Hacker News new | ask | show | jobs
by peadarohaodha 1962 days ago
We've found you can get an order of magnitude improvement in the amount of labelled data you need - but there is some variance based on the difficulty of the problem. Because you are retraining the model in tandem with the data labelling process, there is additional compute associated to an active learning powered labelling process versus just selecting the data at random to label next. But this additional compute consideration is almost always outweighed by the saving of human time spent labelling.
1 comments

I have a question on the compute aspect regarding your business model, hope I’m not being to nosy..

I tried HL, the experience was stellar (well done!) and it made me think...

To get AL working with a great user experience you need quite a bit of compute. How are you thinking about your margins, e.g the cost to produce what you’re offering versus what customers will pay for it?
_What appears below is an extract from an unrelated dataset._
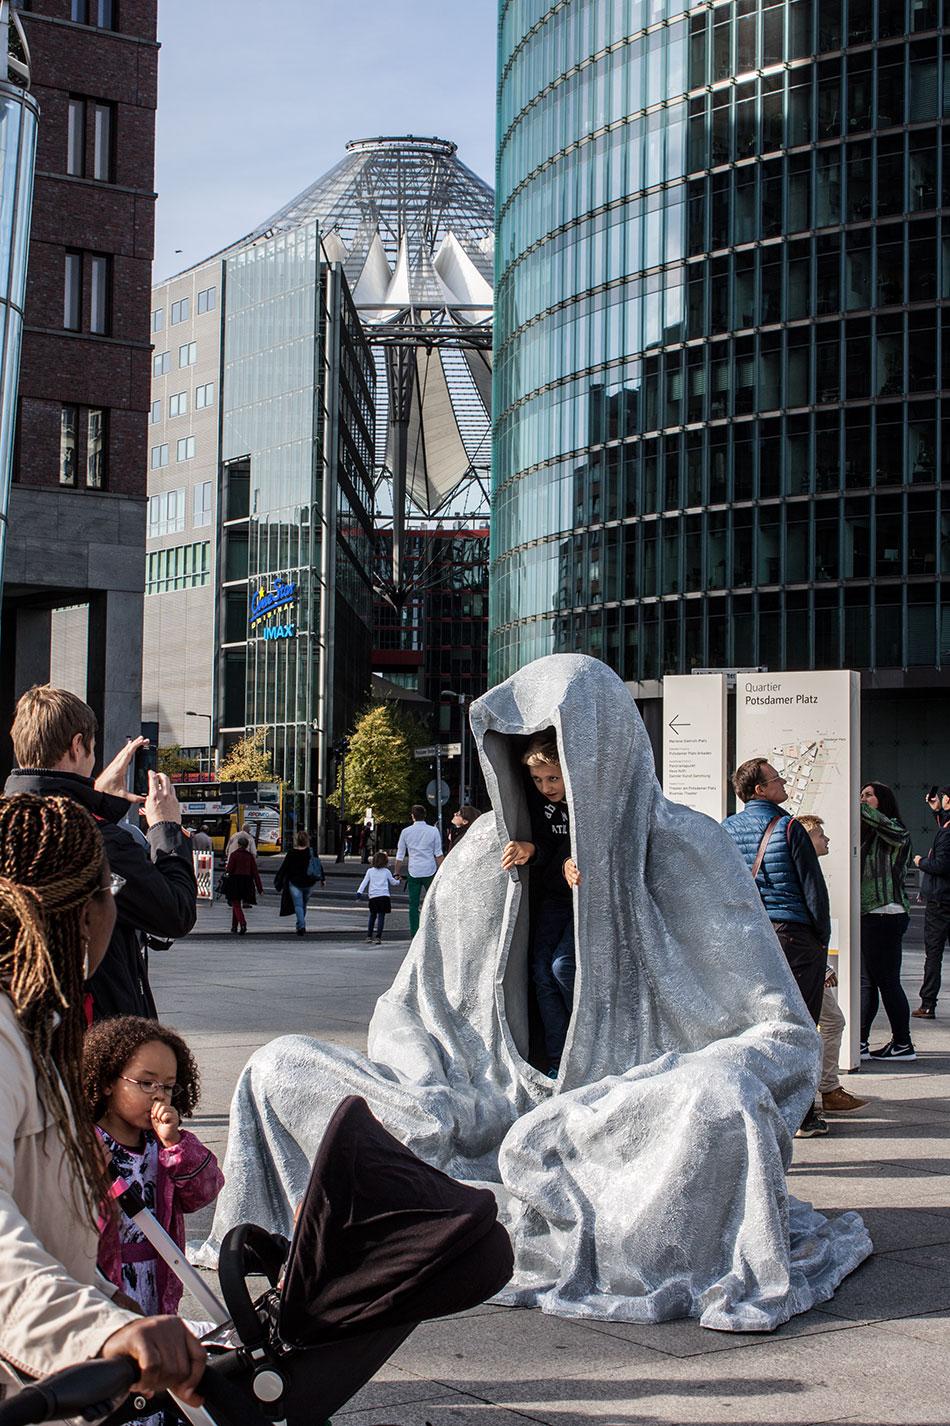 festival-of-lights-berlin-potzdamer-platz-light-art-show-exhibition-lumina-guardians-of-time-manfred-kili-kielnhofer-contemporary-arts-design-sculpture-3089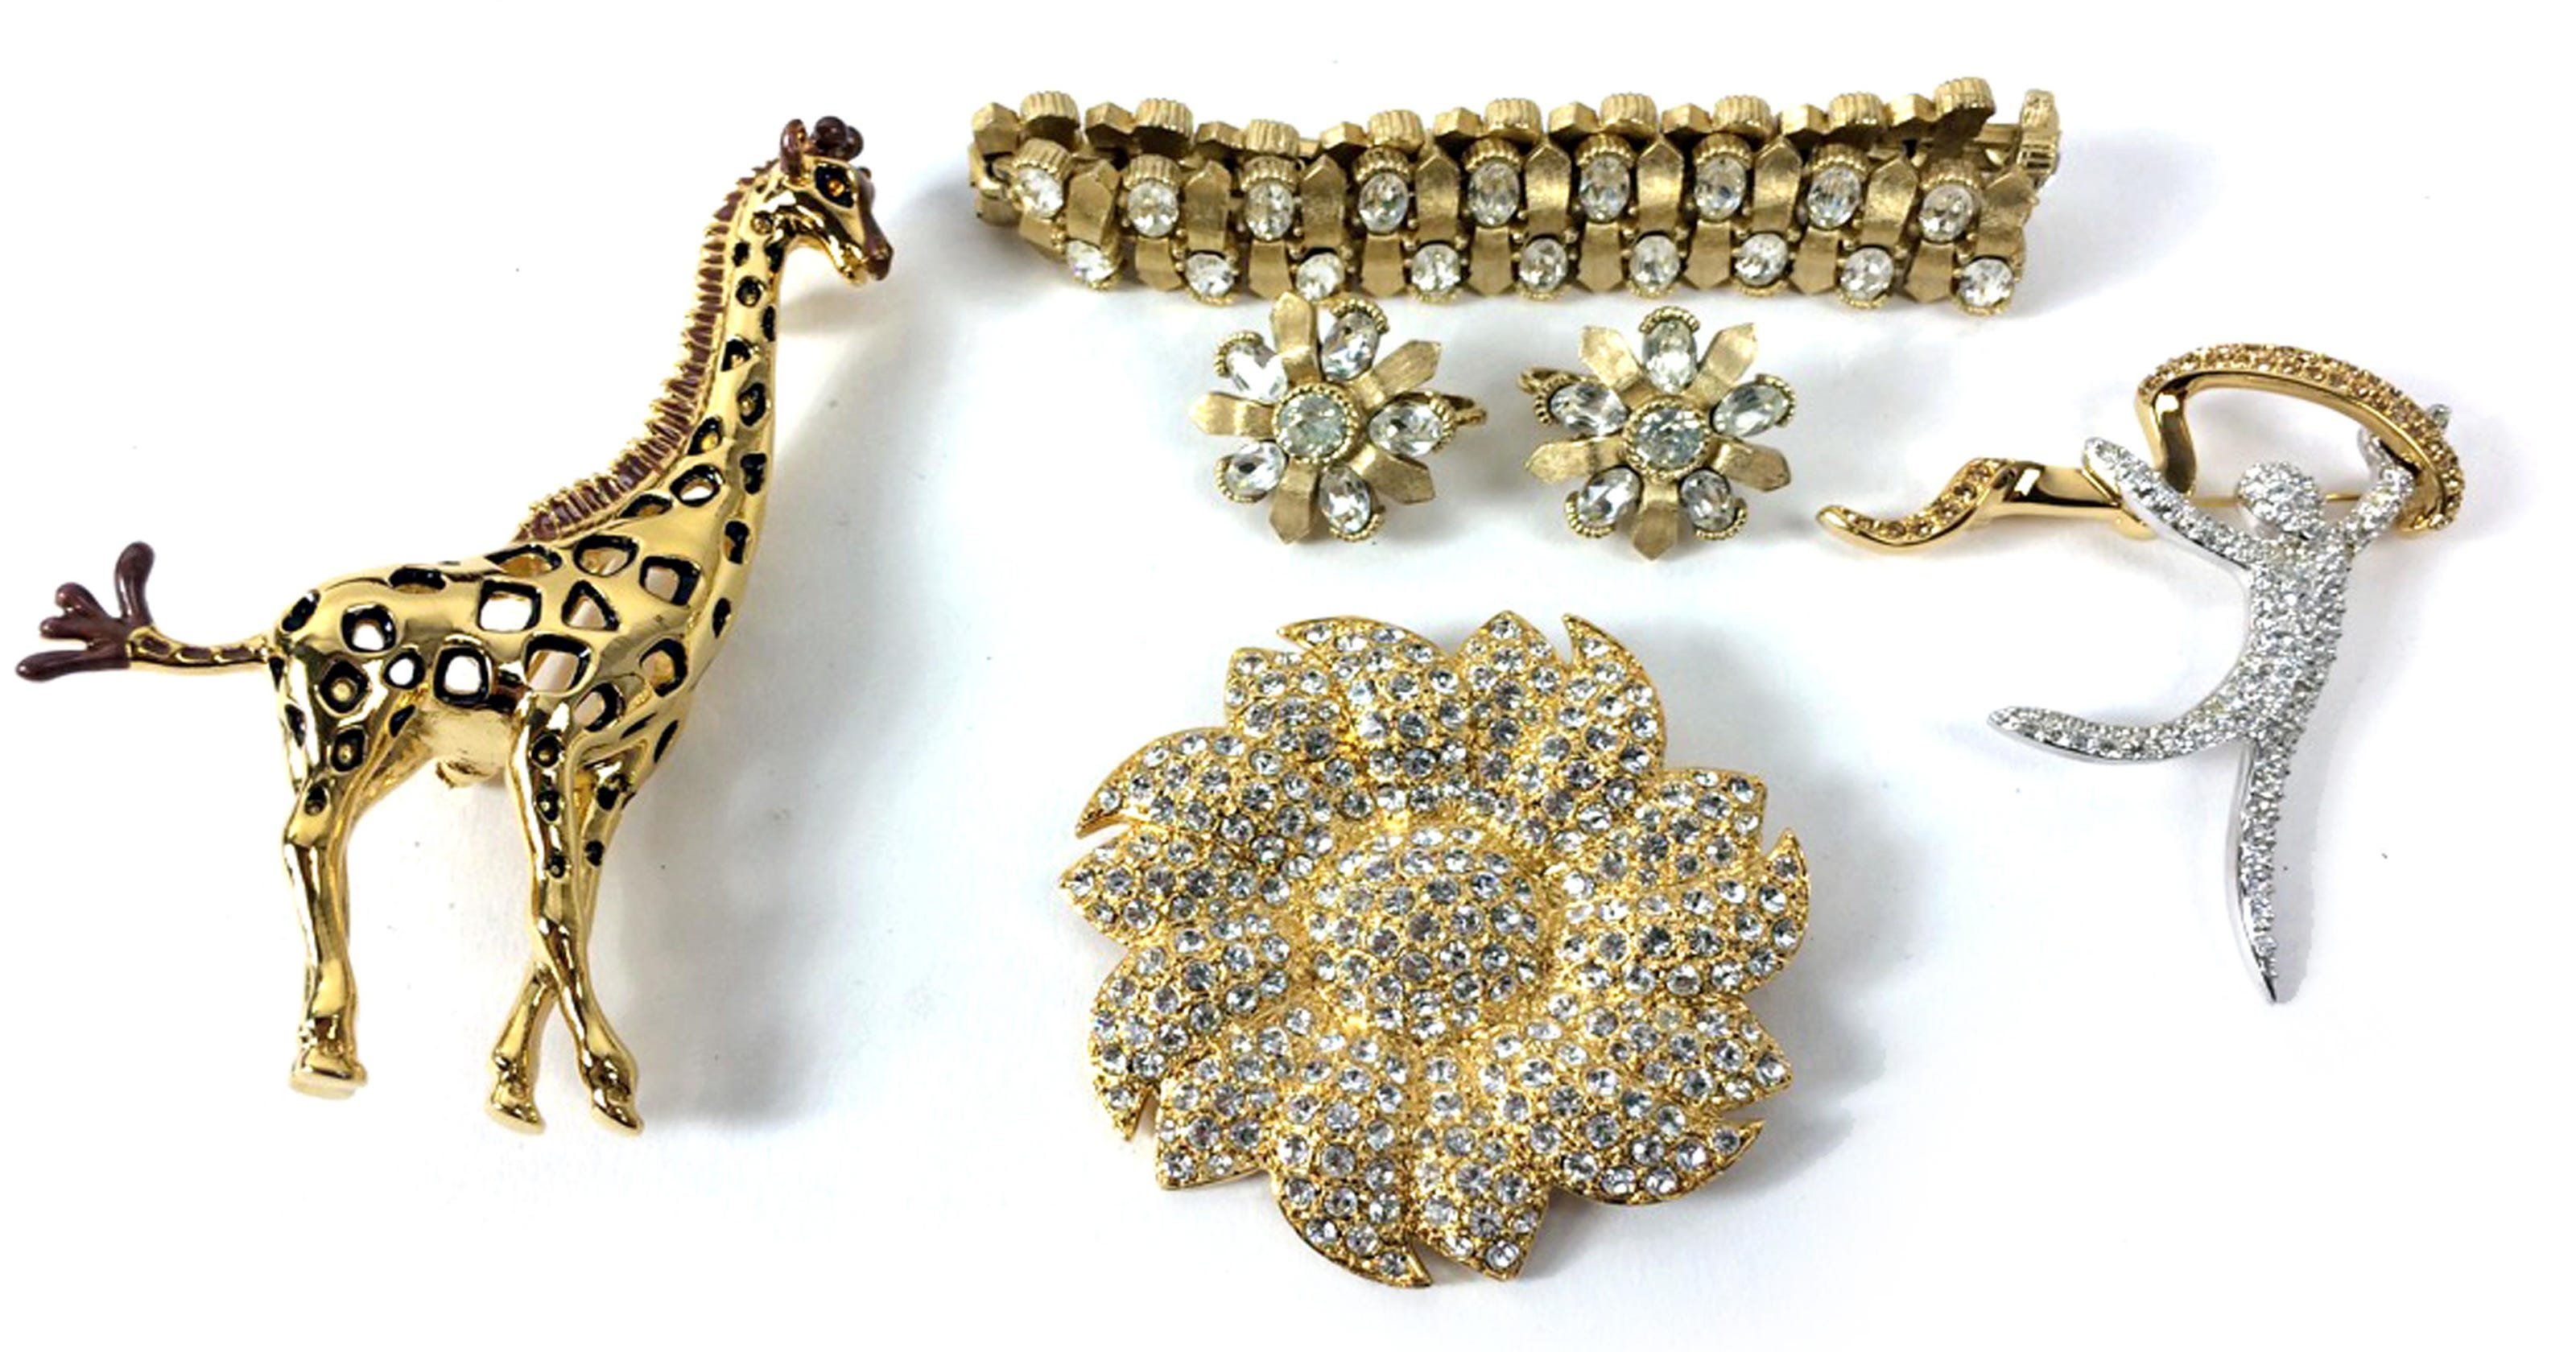 3 tips to determine value of costume jewelry

Thanks for the feedback! It's a good question re compute. There are some fun engineering and ML research challenges that we are constantly iterating on that are related to this. A few examples - how to most efficiently share compute resources in a JIT manner (e.g. GPU memory) during model serving for both training and inference (where the use case and privacy requirements permit) - how to construct model training algorithms that operate in a more online manner effectively (so you don't have to retrain on the whole dataset when you see new examples) - how to significantly reduce the model footprint (in terms of memory and flops) of modern deep transformer models given they are highly over-parameterised and can contain a lot of redundancy.

this stuff helps us a lot on the margins point!